EXERCISE AIM:
Print the line that contains "Baskets TechLoom Breeze", then every line after it until the entries end, exactly as they read; do not include pictures.

EXERCISE INPUTS:
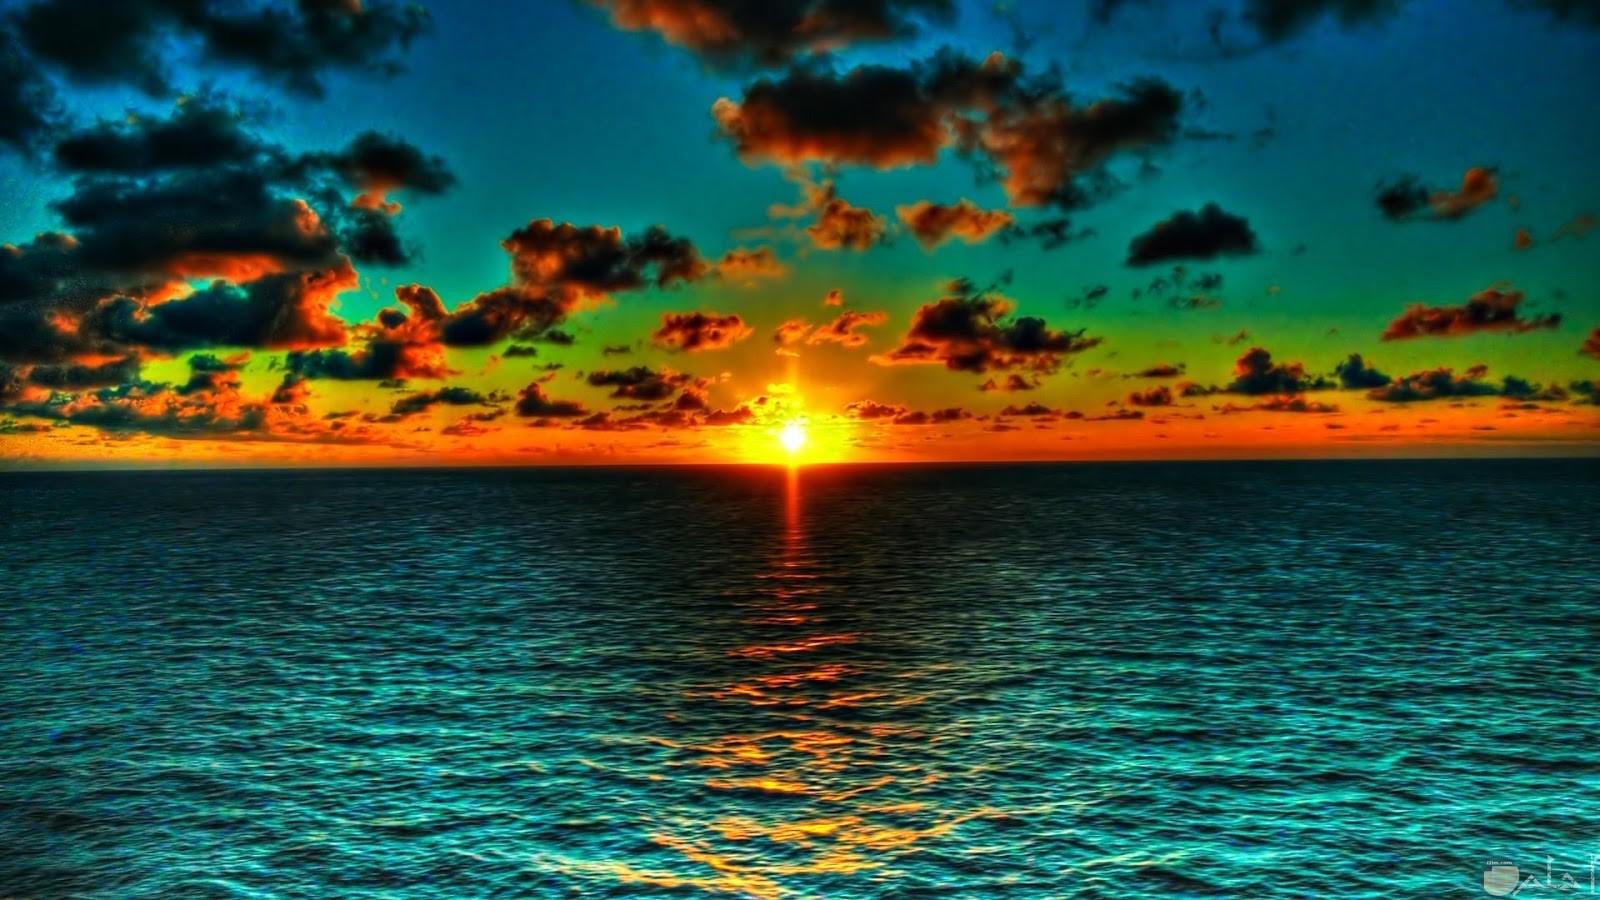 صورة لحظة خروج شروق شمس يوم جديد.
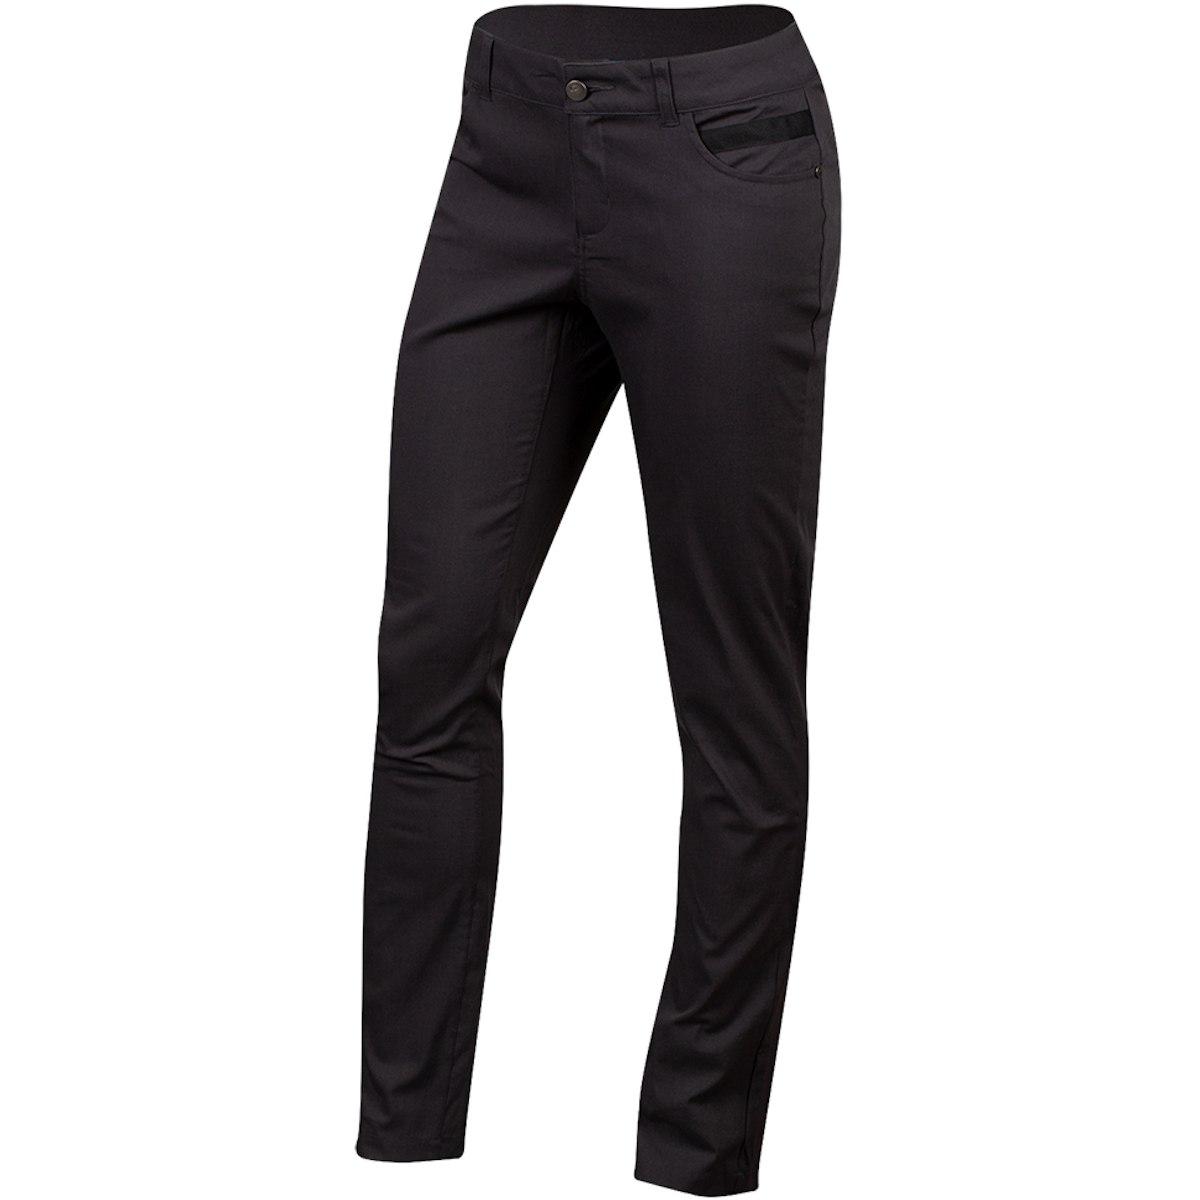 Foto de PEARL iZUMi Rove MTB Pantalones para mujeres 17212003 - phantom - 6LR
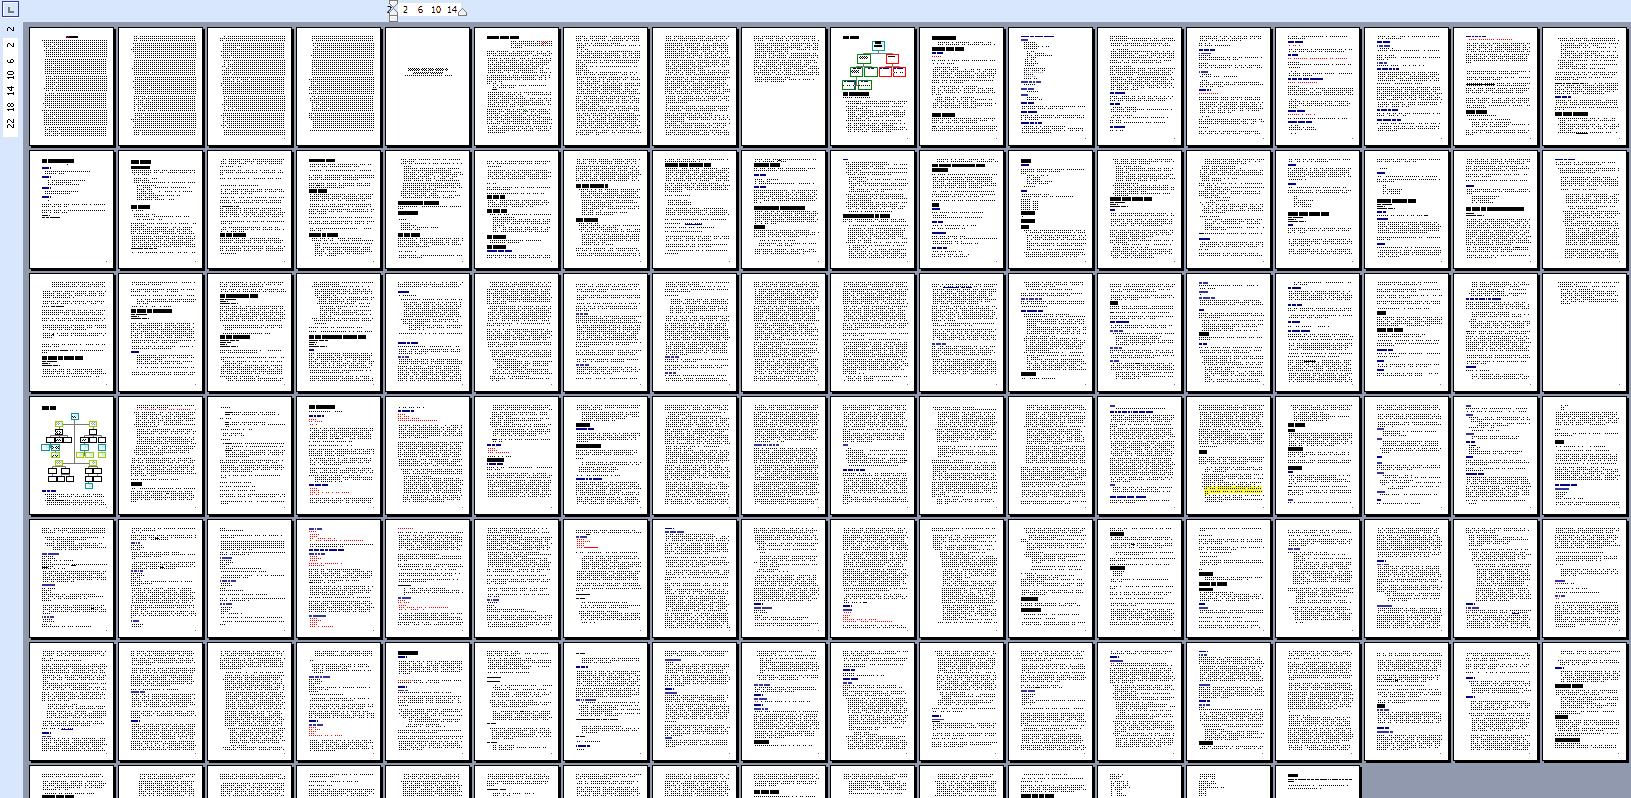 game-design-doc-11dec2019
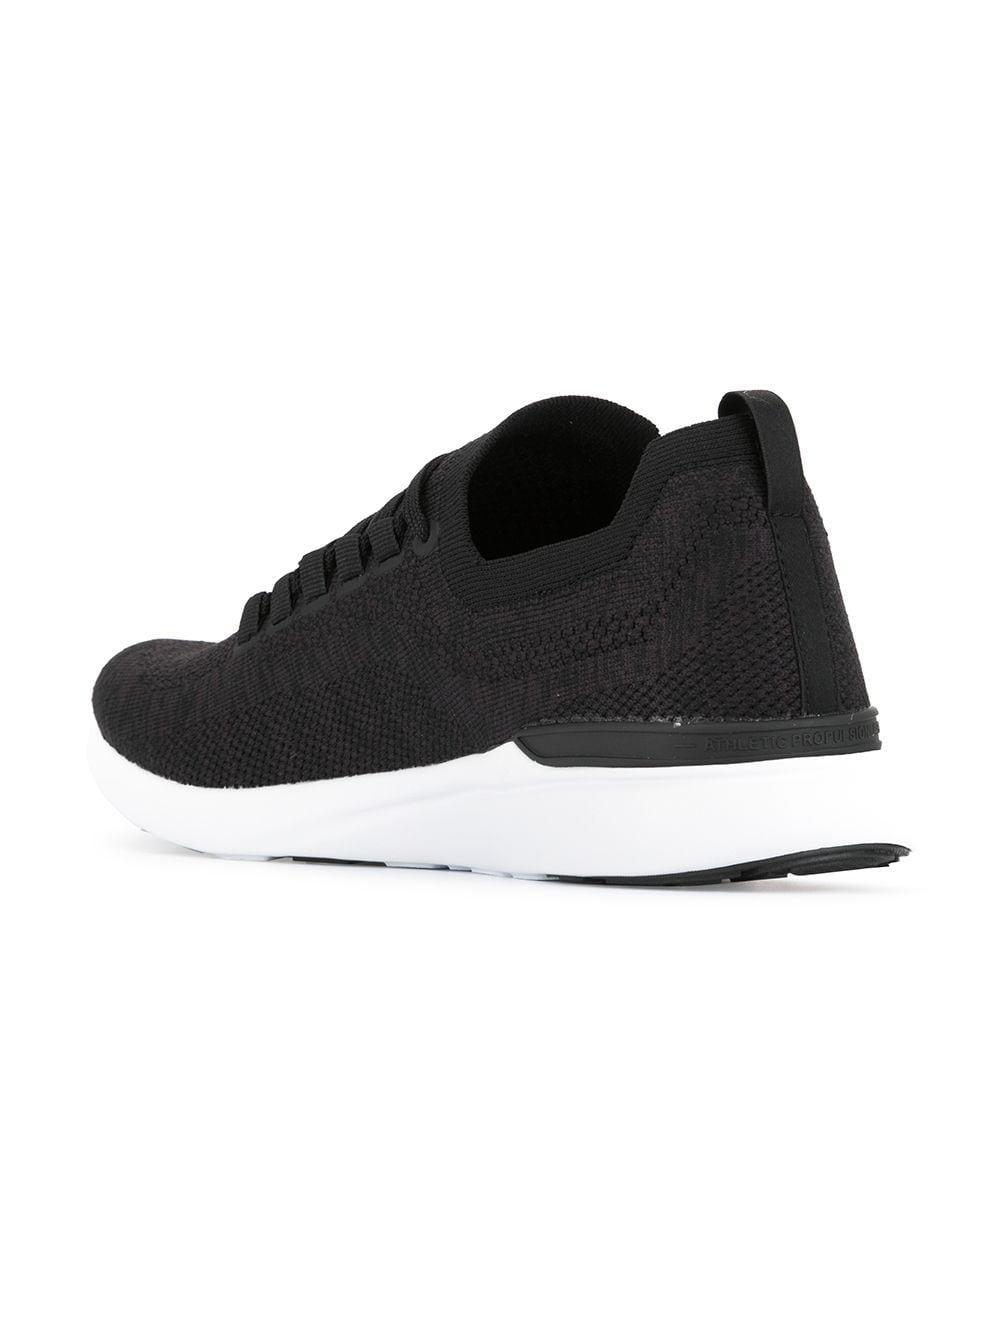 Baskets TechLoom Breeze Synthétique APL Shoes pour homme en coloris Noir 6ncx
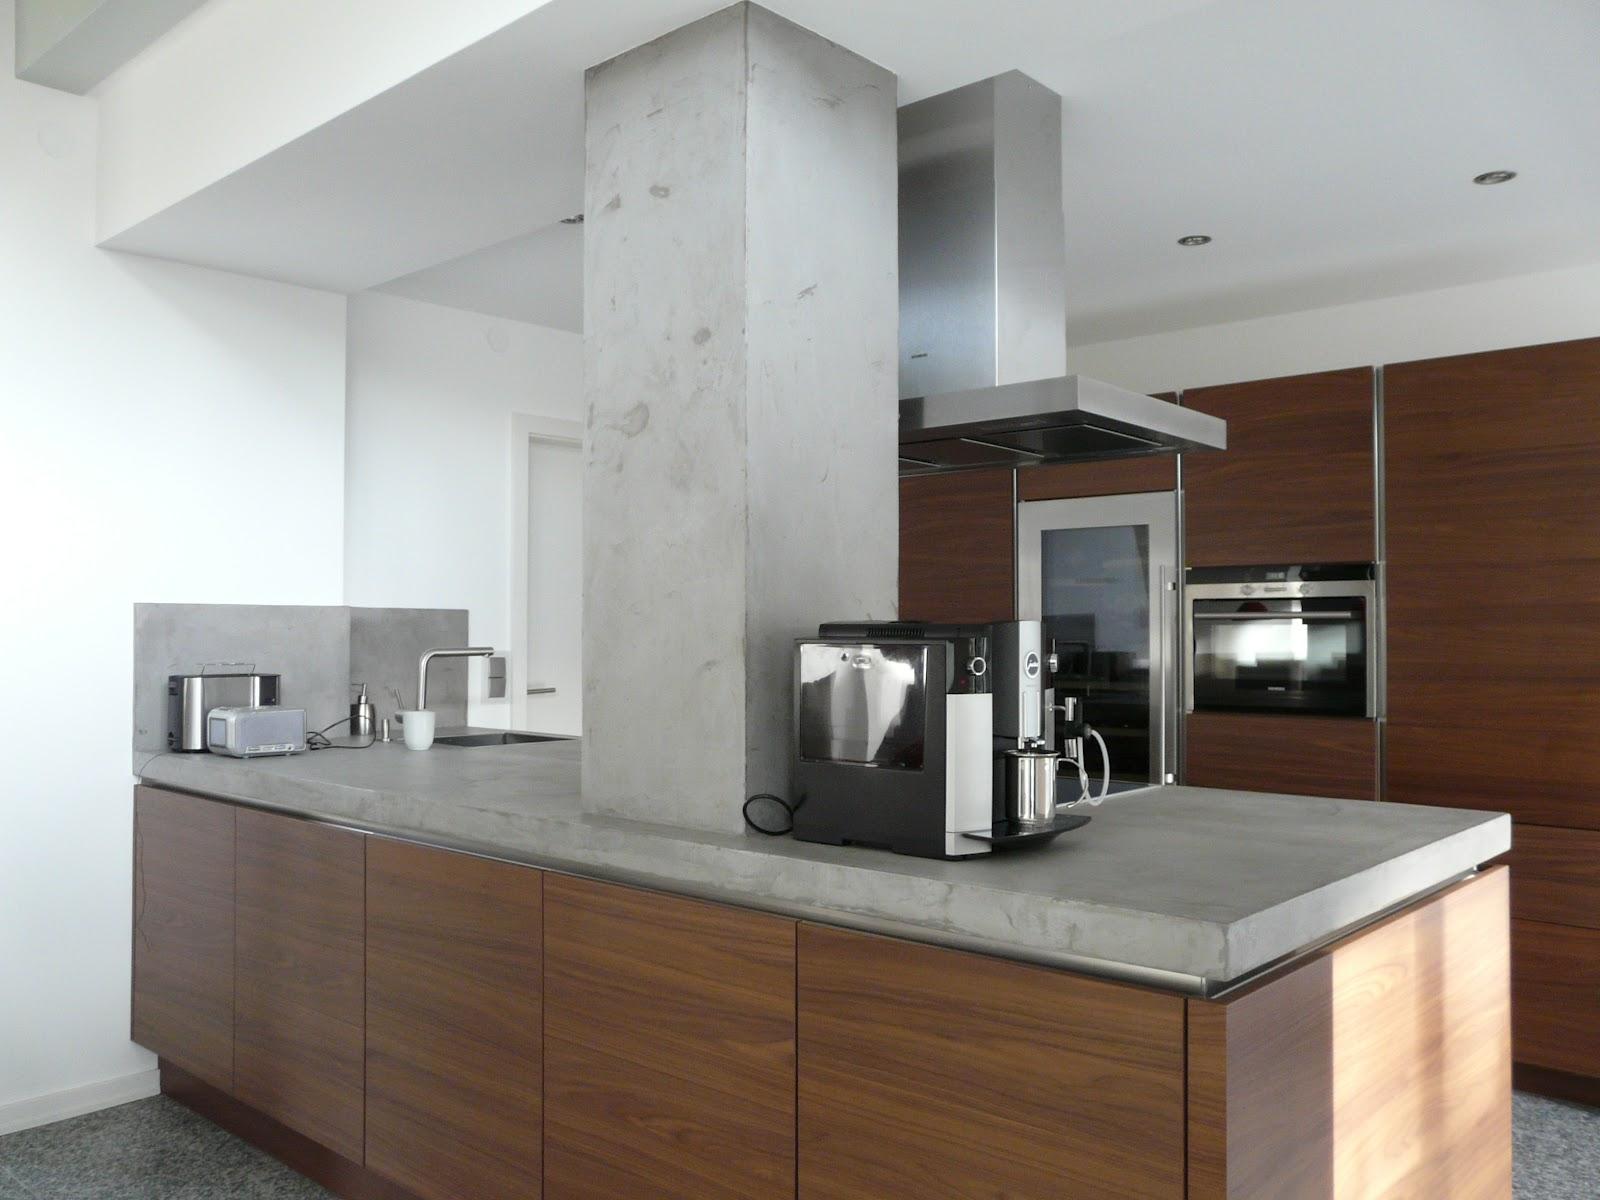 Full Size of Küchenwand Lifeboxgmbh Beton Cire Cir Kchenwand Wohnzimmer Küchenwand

PROBLEM SOLUTION:
 Baskets TechLoom Breeze Synthétique APL Shoes pour homme en coloris Noir 6ncx
 Full Size of Küchenwand Lifeboxgmbh Beton Cire Cir Kchenwand Wohnzimmer Küchenwand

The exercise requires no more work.